RayPE: Ray-Space Positional Encoding for 3D-Aware Video Generation

2026-06-25Computer Vision and Pattern Recognition

Computer Vision and Pattern Recognition
AI summary

The authors noticed that existing video transformers use a simple way to locate parts of a video that doesn't consider the actual 3D scene structure. They introduced RayPE, a new method that adds 3D geometric information about camera rays into the model's attention mechanism, making it better at understanding the scene's depth and camera relationships. Their approach carefully adjusts the encoding to work well across different types of video data and slightly changes the pretrained model without disrupting it. This leads to improved video quality, especially in how consistent the 3D scene appears across frames.

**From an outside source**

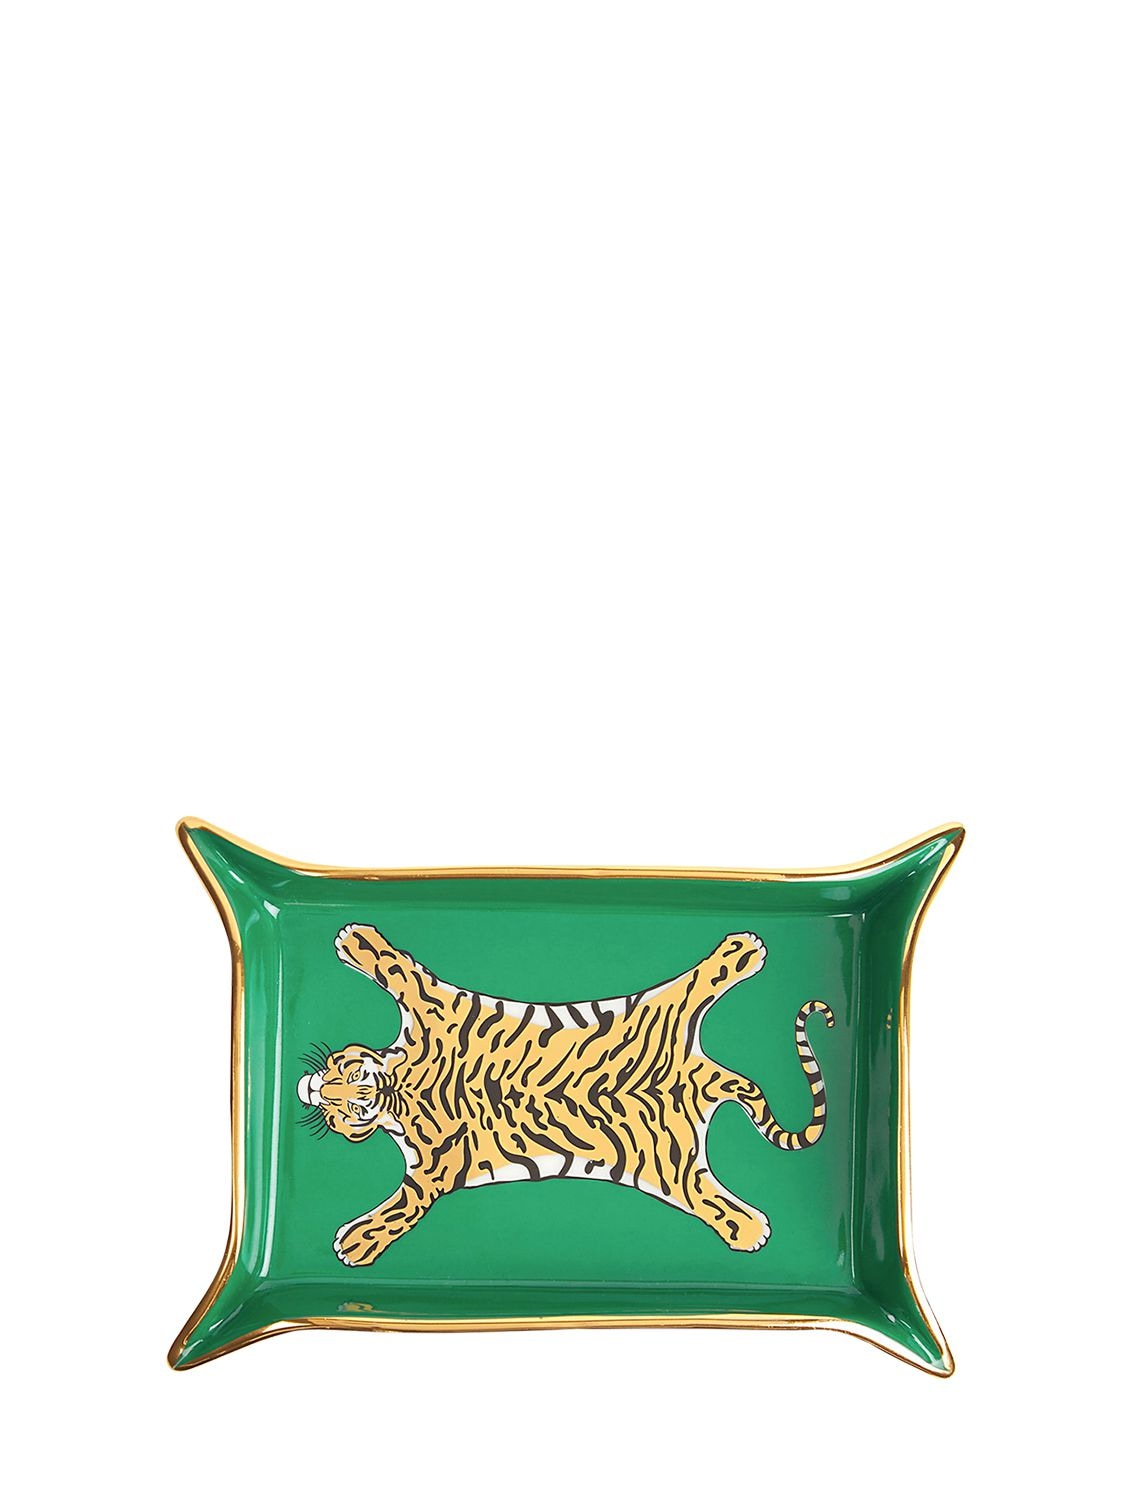 Jonathan Adler Tiger Porcelain Valet Tray In Green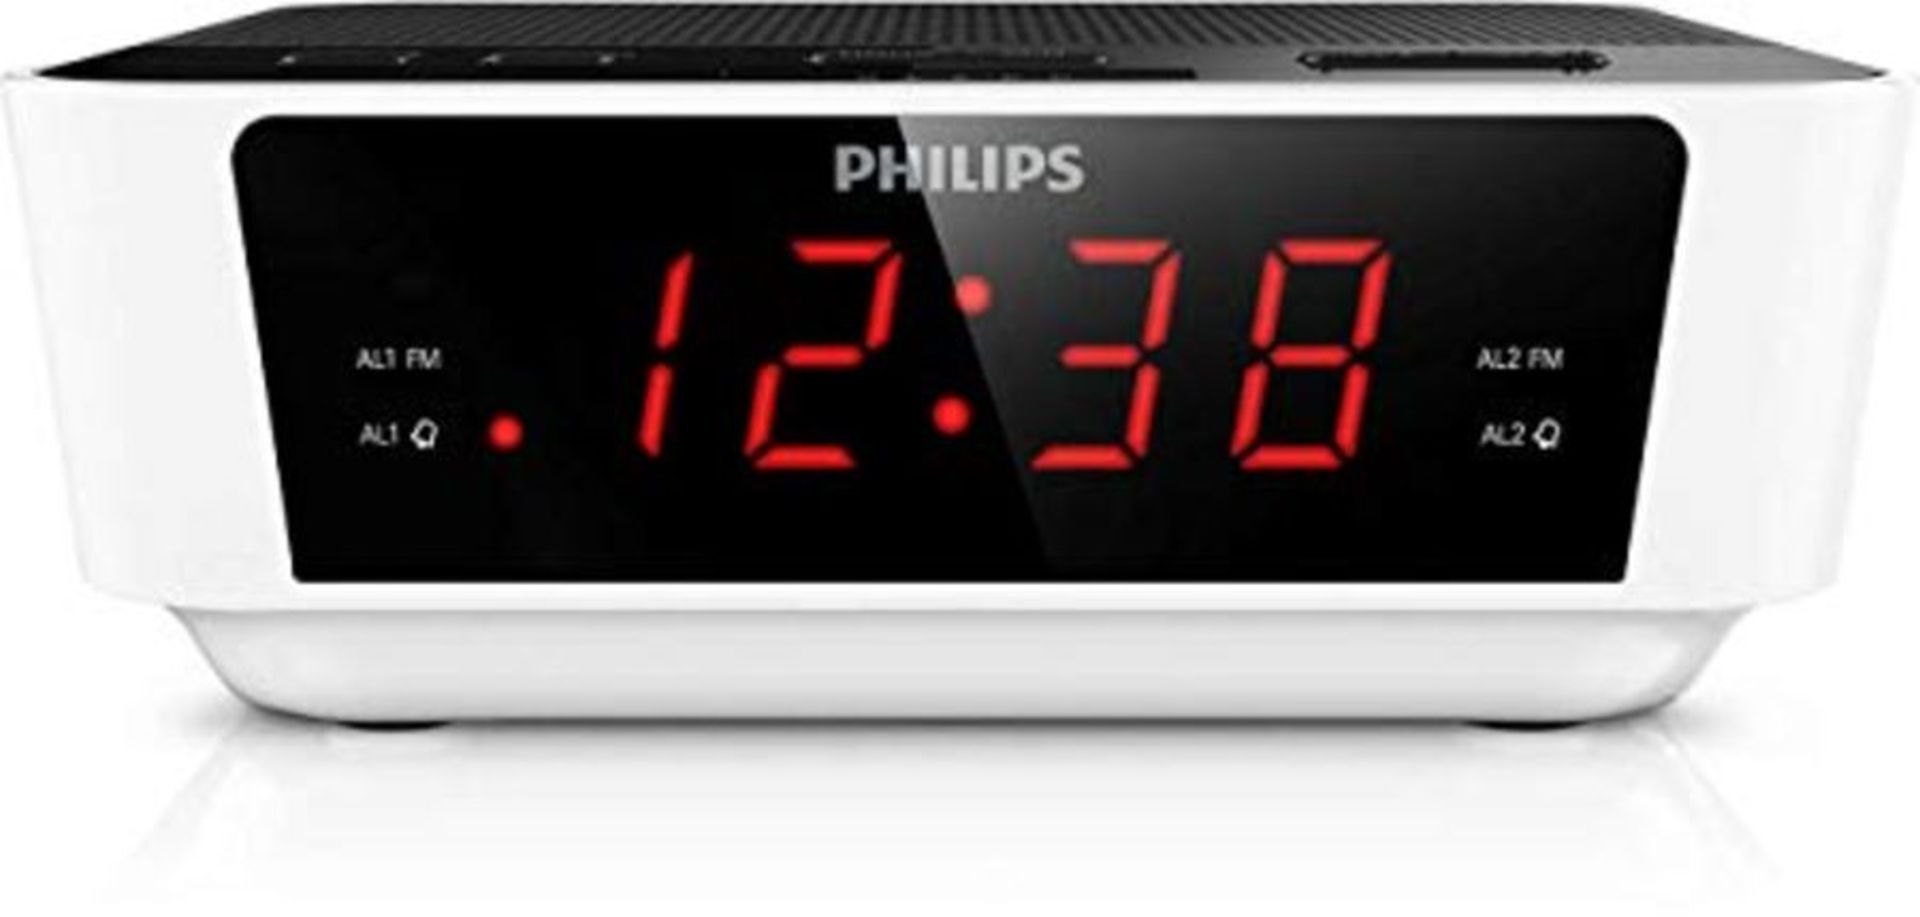 Philips UKW Radioalarm clock AJ3115 UKW white, black

video diffusion transformerspositional encodingPlucker coordinatesself-attentiontransformer models3D geometrycamera raysSfM (Structure from Motion)SLAM (Simultaneous Localization and Mapping)RMSNorm
Authors
Minghao Yin, Jiahao Lu, Wenbo Hu, Wang Zhao, Shan Ying, Kai Han
Abstract
Modern video diffusion transformers position their tokens through RoPE on the (u,v,t) axes -- a description of the camera's sampling grid that says nothing about the 3D structure of the scene. We observe that the geometric relation between two camera rays is captured by the Plucker reciprocal product, which is bilinear in the two rays -- the same algebraic form as the dot product in Transformer attention. Building on this analogy, we propose RayPE, a positional-encoding extension that injects per-token 6D Plucker coordinates additively into the queries and keys of self-attention, with a query/key flip arrangement under which the symmetric identity configuration coincides exactly with the reciprocal product. The injection is additive, the resulting attention score decomposes into a content term, a geometry term, and two content and geometry cross-terms -- all of which our experiments find individually necessary. To make the encoding stable across video data with heterogeneous camera-translation scales (SfM, deep SLAM, metric), we further decouple ray direction from moment magnitude, gate the encoding by a learned function of the log-magnitude, and apply RMSNorm to align it with the QKNorm-normalized content branch. The full module adds less than 0.1% parameters to a pretrained video DiT, is zero-initialized to start from the pretrained weights, and improves camera controllability, cross-frame 3D consistency, and overall video quality on a four-dataset training mixture.